2. The Radar Signal Model

The frequency-modulated continuous-wave (FMCW) radar signal is sampled by an analog-to-digital converter (ADC) and can be expressed as $S_{\mathrm{b}}(n,m,l,f)$, where $n$ denotes the index of sampling points in the fast time dimension and there are $N$ sampling points in total. $m$ denotes the index of chirps in the slow time dimension and there are $M$ chirps. $l$ denotes the index of channels, and the number of virtual channels is

$$L=N_{\mathrm{tx}}{N}_{\mathrm{rx}}$$

(1)

where $N_{\mathrm{tx}}$ is the number of transmitting antennas and $N_{\mathrm{rx}}$ is the number of receiving antennas. $f$ denotes the number of frames, and there are totally $F$ frames.

During one frequency-modulation cycle $T_{\mathrm{c}}$ of a radar, the transmitted signal at Tx is

$$S_{\mathrm{t}}(t)=A\cos [j(2\pi f_{\mathrm{c}}t+\pi S{t}^2)],0\le t\le T_{\mathrm{c}}$$

(2)

where $t$ represents the time, $A$ represents the amplitude of the transmitted signal, $f_{\mathrm{c}}$ represents the signal carrier frequency, $S$ represents the frequency-modulated slope of a chirp, and $T_{\mathrm{c}}$ represents the frequency-modulated period of a chirp. For a target at a distance $R$ from the radar, it takes time $\tau$ for the signal propagation from transmission to receiving. Ignoring the amplitude change of the signal, the radar echo signal at Rx can be expressed as

$$\begin{array}{cc}\hfill S_{\mathrm{r}}(t)& =S_{\mathrm{t}}(t-\tau )\hfill \\ & =A\cos \{j[2\pi f_{\mathrm{c}}(t-\tau )+\pi S{(t-\tau )}^2]\}\hfill \end{array}$$

(3)

As for a static target, the signal round-trip delay is

$$\tau =\frac{2R}{c}$$

(4)

where $c$ represents the speed of light.

When the target stays still, mix the transmitted signal and the received signal of the radar, and the beat signal is

$$S_{\mathrm{b}}(t)=A^2\cos \{j2\pi [\frac{2SR}{c}t+\frac{2f_{\mathrm{c}}R}{c}-\frac{2S{R}^2}{c^2}]\}$$

(5)

For the target, the frequency difference is

$$f_{\mathrm{b}}=\frac{2SR}{c}$$

(6)

By performing 1D FFT on the radar signal, the frequency difference $f_{\mathrm{b}}$ can be obtained and then the distance of the target can be calculated as

$$R=\frac{f_{\mathrm{b}}c}{2S}$$

(7)

If the target moves at a speed $v$, mix the transmitted signal and the received signal, and higher-order terms are removed after low-pass filtering. The beat signal is

$$S_{\mathrm{b}}(t)=A^2\cos \{j2\pi [(\frac{2SR}{c}+\frac{2f_{c}v}{c})t+\frac{2f_{c}R}{c}-\frac{2S{R}^2}{c^2}]\}$$

(8)

The phase difference of the signal between each chirp can be expressed as

$$\Delta \phi =\frac{4\pi v\Delta t}{\lambda }$$

(9)

where $\lambda$ denotes the wavelength of the radar signal and $\Delta t$ denotes the time interval between the transmitted chirps.
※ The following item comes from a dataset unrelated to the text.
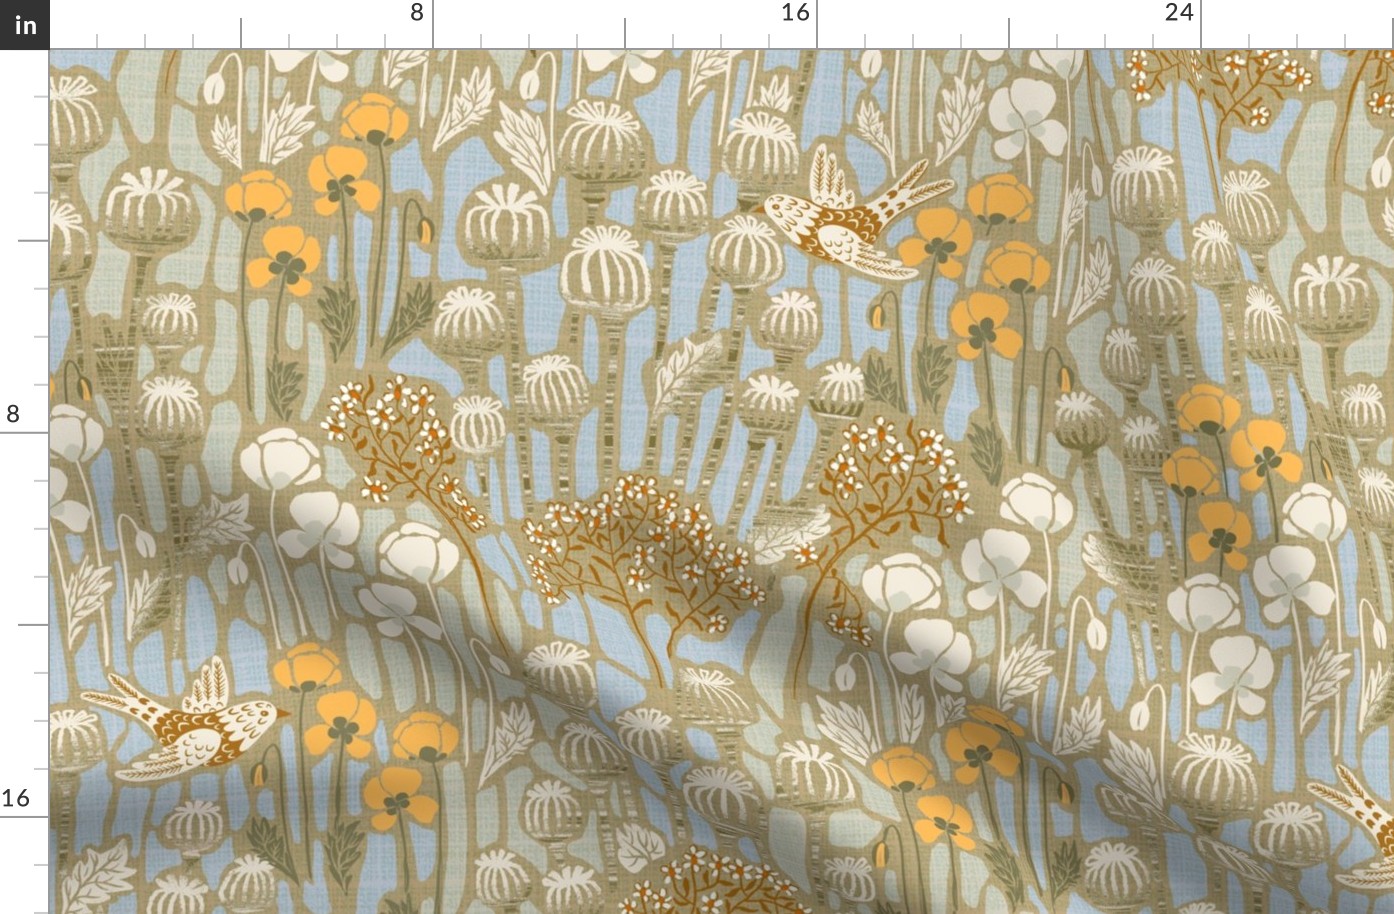 xl - poppy field with birds in neutral colors - extra large as fabric 24" and as wallpaper

So, the speed can be expressed as

$$v=\frac{\lambda \Delta \phi }{4\pi M{T}_{\mathrm{c}}{N}_{\mathrm{tx}}}$$

(10)

For the uniform antenna array of an FMCW radar, the spacing of adjacent channels is $d$, the signal arrives at an angle $\theta$, and the propagation distance difference between adjacent antennas can be expressed as $d\sin \theta$, thus the angle of the target is obtained

$$\theta ={\sin }^{-1}(\frac{\lambda \omega }{2\pi d})$$

(11)

where $\omega$ denotes the phase difference of the signal between each channel.

3. The Signal Processing Overall Design

In a real indoor experiment with a potted plant, the beat signal contains noise, time-variant signals, and false targets generated by multipath in addition to the target $S_{\mathrm{b}}$

$$S_{\mathrm{b}}^{\prime }(t)=S_{\mathrm{b}}(t)+{\displaystyle \sum _{i=1}^{N_{\mathrm{m}}}{\alpha }_i{S}_{\mathrm{b}}(t-{\tau }_i)}+\mu (t)+\delta$$

(12)

where ${\displaystyle \sum _{i=1}^{N_{\mathrm{m}}}{\alpha }_i{S}_{\mathrm{b}}(t-{\tau }_i)}$ denotes multipath, $N_{\mathrm{m}}$ denotes the number of multipath ghost targets, ${\alpha }_i$ denotes the amplitude gain of the $i\mathrm{th}$ multipath, ${\tau }_i$ denotes the round-trip delay time of the $i\mathrm{th}$ multipath, $\mu (t)$ denotes time-variant clutter, and δ denotes static noise. Thus, these need to be filtered.

Therefore, the flow chart of the signal processing overall design is shown in Figure 2. Firstly, averaging filtering [29] is performed on the echo signals collected by the radar to remove static noise, and then the fast Fourier transform [30] is performed in both the distance and velocity dimensions to obtain high-resolution range profiles (HRRPs) and RD maps. The constant false alarm rate (CFAR) algorithm [31] is applied to the RD maps to detect the presence of a target. The peaks in the data are searched [32,33], and then the Capon algorithm [34] is applied to estimate angles to calculate the coordinate information. The density-based spatial clustering of applications with noise (DBSCAN) algorithm [35] and binary integration [36] are applied to further remove time-variant clutter and to obtain all possible target points. The multipath locations are analyzed [21] to eliminate false targets, to identify the presence of the human, and to obtain location by FMCW radar.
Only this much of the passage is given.